I’m going to be particularly honest here. Perhaps it’s because my finger is busted and I don’t want to spend too much time typing, perhaps it’s because it’s been too long since I last wrote here, or perhaps it’s just because I’m a little buzzed coming home from this wedding.
Two days ago we came back from our #YappieTour. We haven’t planned a domestic tour from scratch for a single project of ours since.. ever? 10 cities, 12 screenings.. overall attendance over 2000 and I’m pretty sure I took at least 1000 selfies. It was exhausting, it was eye-opening, it was something special.
First I want to say ‘Thank you’ to each person who came out to the events. Buying a ticket with your hard earned money, standing in line, listening to me talk for 45 min, and waiting in line again to have a moment with me… that’s something special. I don’t know if I deserve that attention, those emotions. You doing those things on this tour directly affects WF and our content. You have helped us recoup our budget on ‘Yappie’ and given us “data” to possibly create more content like this (maybe a Season 2). All I’m saying with this paragraph is that your tangible actions have real life affects. For those who this pertains to, “Thank you.”
The 2nd things I want to say is, I wish I could’ve spent more time with you. Bottom line is, I never started this WF or YT thing for the purpose of being famous or on a red carpet. I was destined to be a yappie but I fell through the cracks. Somehow I’ve been able to make stuff and it’s resonated with ppl, and after 10+ years, I’ve meant something to you and your life. Because of this accidental blessing, I honestly wish I could spend more than 1.5 min in a meet&greet line to hear your story and truly understand who you are and why WF was important to you. I know it may have looked like I cycled through each person swiftly, and like an automated machine started a new conversation with the next person, but I promise, in each moment, I felt you and your words, your eyes, and I wish this human life wasn’t so limited so that I could actually be friends with you. And this is just to those who I could actually meet. To everyone who was in the audience but had to leave and couldn’t wait around.. I saw you. You made the theater sell out. You made a statement. I appreciate you coming through and spending a few hours with me and the WF team. I hope that even though we didn’t shake hands or take a photo, you feel closer to us and like you understand me better.
Now that we have the formal Thanks out of the way, I wanna be real…
This tour was difficult for me. It came at a time when WF is going through changes. Not just in our content (Yappie is unlike anything we’ve done before), but also in our goals. As we said on tour (but not publicly yet), WF is 15 years old this year. FIFTEEN. That is a teenager who can drive. Whose body is going through changes. Whose discovering who they are. And just like this real life adolescent, WF is going through the same.
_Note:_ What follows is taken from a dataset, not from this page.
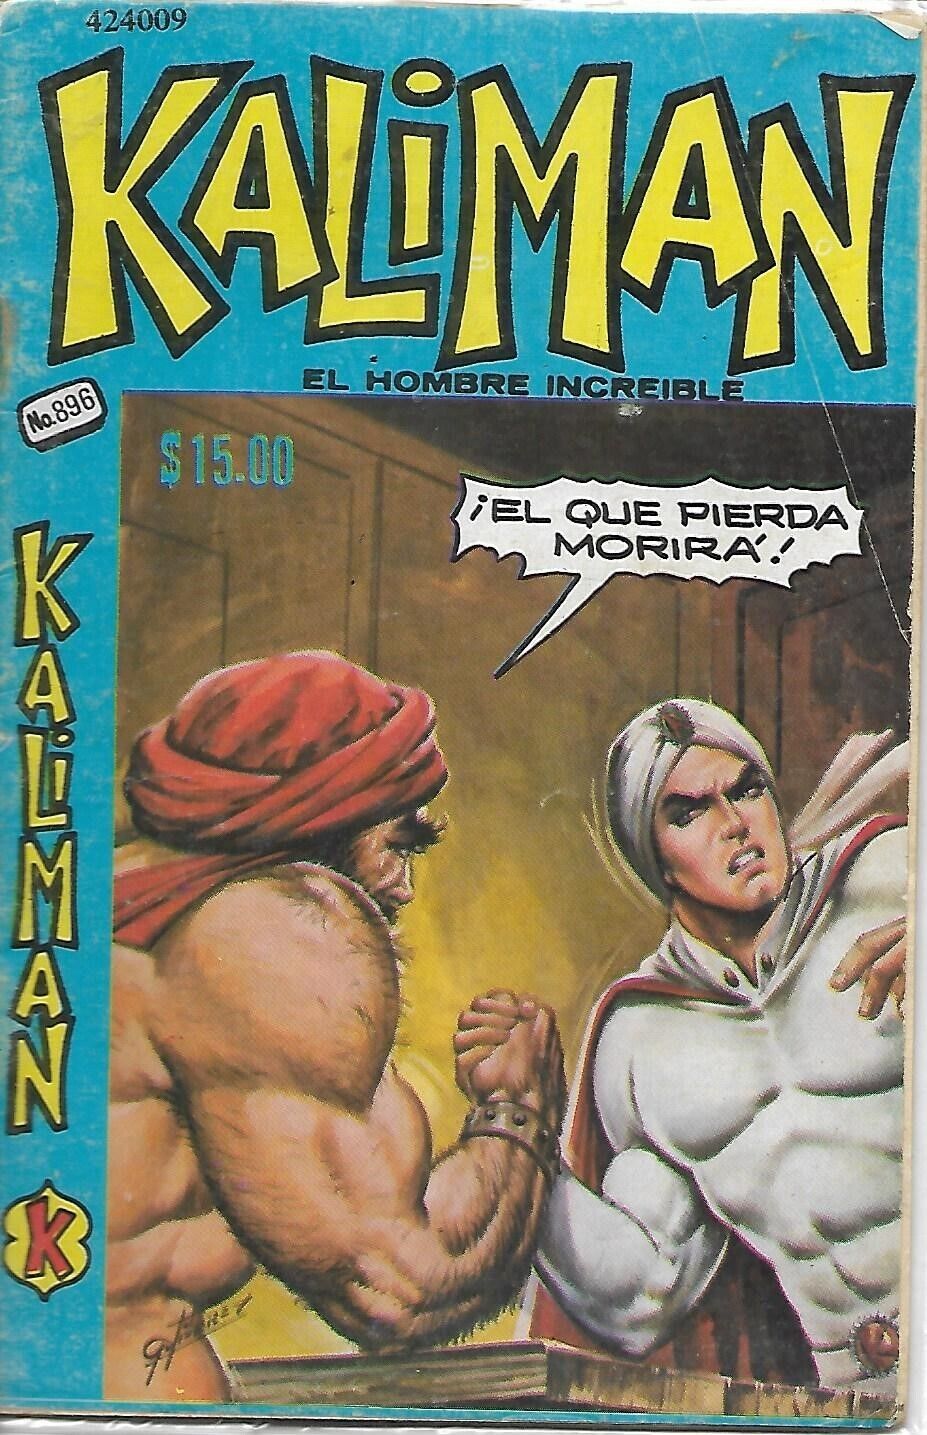 Kaliman El Hombre Increible #896 - Enero 28, 1983 - Mexico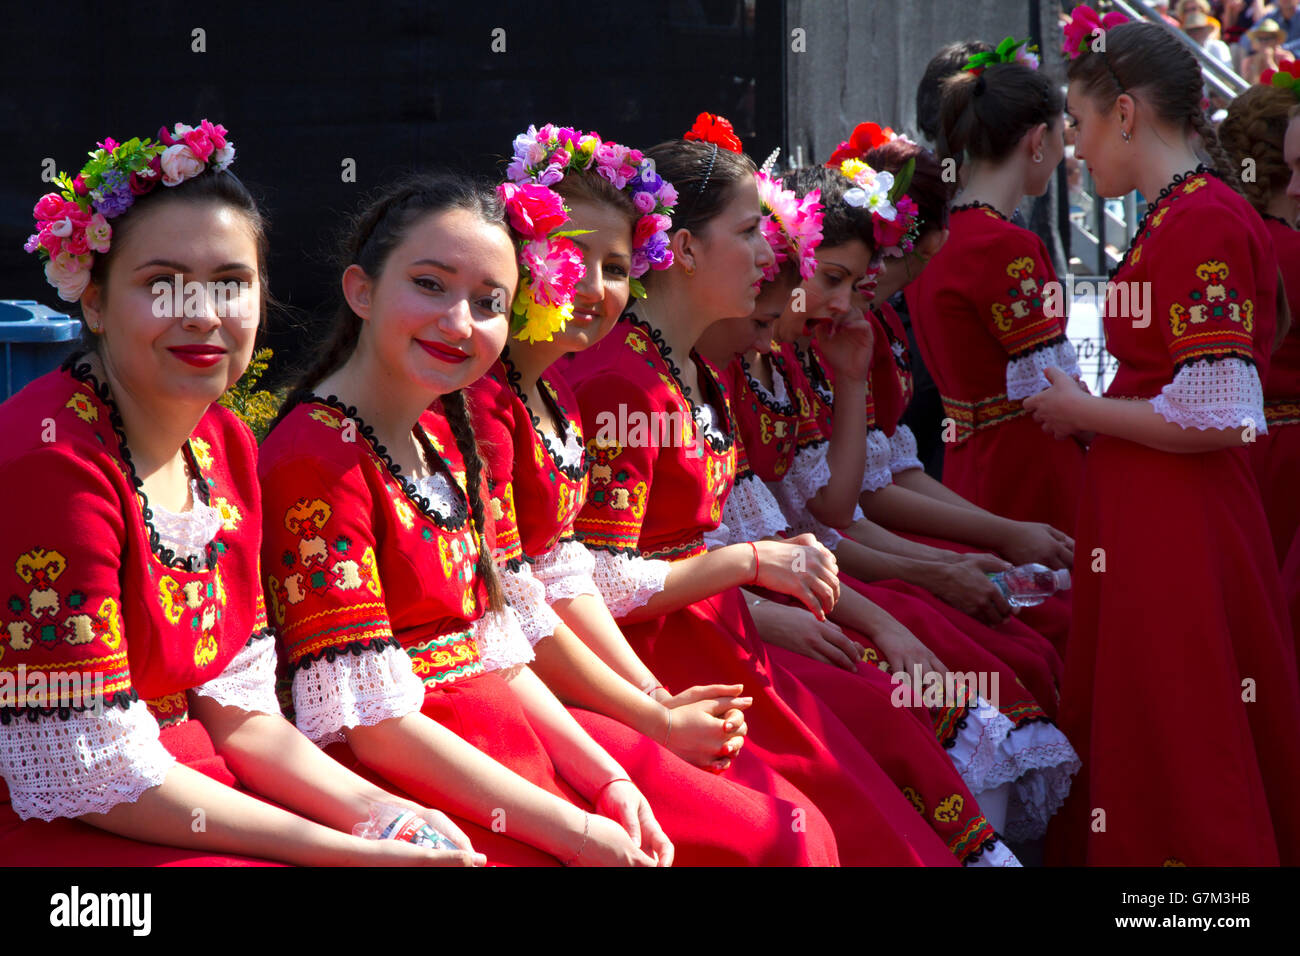 Mitglieder der weiblichen akademischen Folk Chor Bulgarien nehmen die Bühne in eine internationale Jugend-Musikfestival in Basel. Stockfoto

I’m not gonna lie, it’s comical how we were on tour during the launch of “Crazy Rich Asians”- easily the biggest milestone for Asian Americans in mainstream media in a generation. I’m sUper proud of WF, and even I’ll admit it.. This was huge. And there’s something really humbling about seeing social media of the jade carpet premiere with Bentley’s and diamond dresses, while we’re pushing our suitcases through a pothole filled parking lot trying to get to our rental Hyundai so that we can sell our $15 tshirts. Despite what you think WF is in your heart and nostalgia… as a human, you can understand how that’ll make one question where one is. *pause* I’m ecstatic about CRA. I know that it will ultimately benefit me and change the community for the better which we can all see as a win.. But with that said, WF- I, need to adjust. I already started with Yappie, and CRA has solidified ideas I’ve been feeling for the past few years. Justin Chon’s “Gook”, “Master of None”, Ali Wong.. I think we’re at an amazing time, and I need to adjust… but that’s for a different post.
In the immediate meantime, you have been there for me. For real, despite however I was feeling about CRA.. as soon as we got to the venues, saw the lines, saw YOU… all my troubles went away. Hearing your stories about how WF’s touched your life, discussing important issues that Yappie sparked in you, recording messages to friends who were in hospitals, it reminded me that I never did this for anything material. I did this to be creative, to have fun, and somehow the universe connected us. It allowed us to have something special, during a time when there were no crazy rich asians yet.
For 10+ years we’ve been packing rental cars and making our way to different cities and venues. I don’t think this will be changing any time soon. It might morph into something different, but just know that this last Yappie Tour was really special to me. I’m not really sure when we’ll be able to do this again (hopefully sooner than later), but for now, I really treasure it. It’ll be one of those things I’ll look back on in a few years and be nostalgic about. Thanks for being a part of that. I hope that’s how you see it from your side too.
Thank you to the WF team: Taylor, Jen, Chris, Eric, Wes, Benson, Jessica for working hard to make this happen. The early mornings and uncomfortable airplane seats will be something we look back fondly on someday soon. ..ok maybe not the airplane seats.